Need special surveillance of women with moderate hypertriglyceridemia. In such cases, the use of HRT may cause a further increase in concentration of triglycerides in the blood, which increases the risk of acute pancreatitis.

Although HRT may influence the peripheral insulin resistance and glucose tolerance, need to change the treatment regimen of patients with diabetes mellitus during HRT, does not normally arise. Nevertheless, women with diabetes during HRT should be monitored.

Some patients under the influence of HRT may develop undesirable manifestations of estrogen stimulation, including abnormal uterine bleeding. Frequent or persistent abnormal uterine bleeding during treatment are an indication for the study of the endometrium.

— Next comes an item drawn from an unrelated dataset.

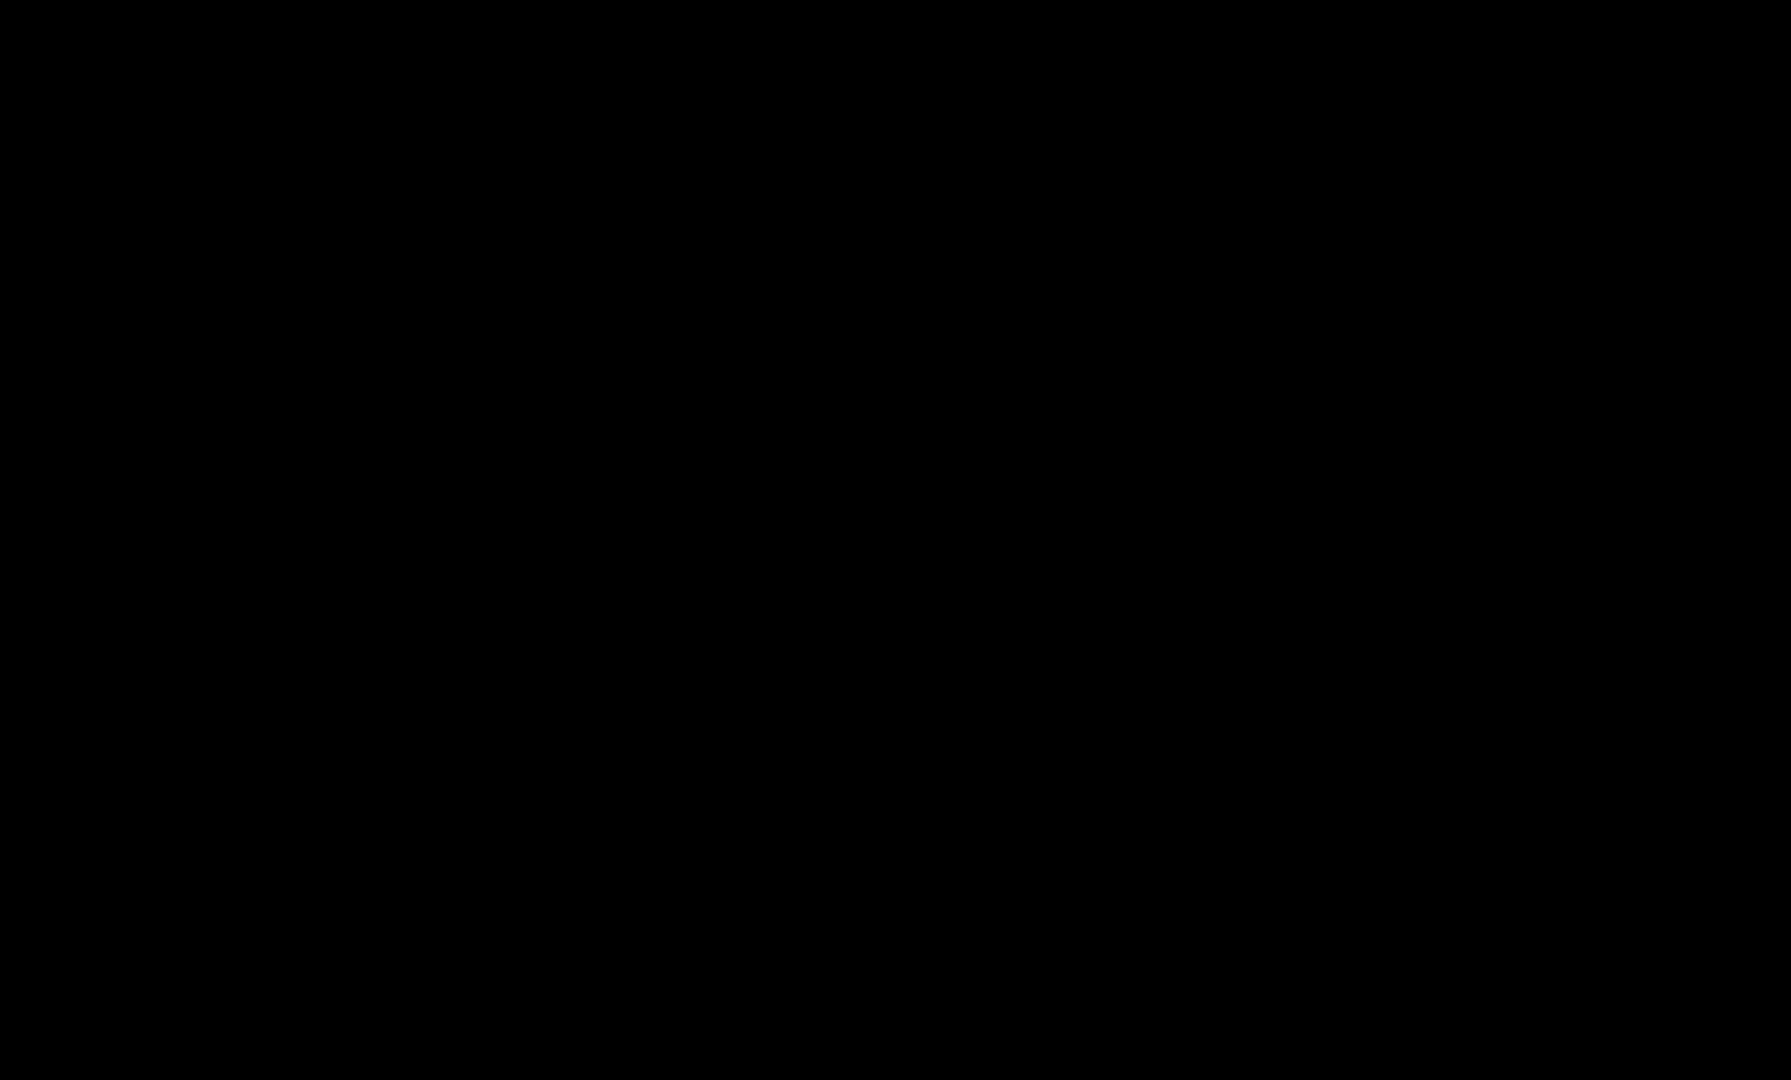 OfficialLogo-WildFit-BlackonAlpha-3000x1809

If the treatment of irregular menstrual cycles, no results, you should conduct a survey to exclude organic disease character.

Under the influence of estrogen uterine fibroids may increase in size. In this case, treatment should be discontinued.

It is recommended to discontinue treatment with relapse of endometriosis on the background of HRT.

If you suspect the presence of prolactinoma before treatment should eliminate the disease.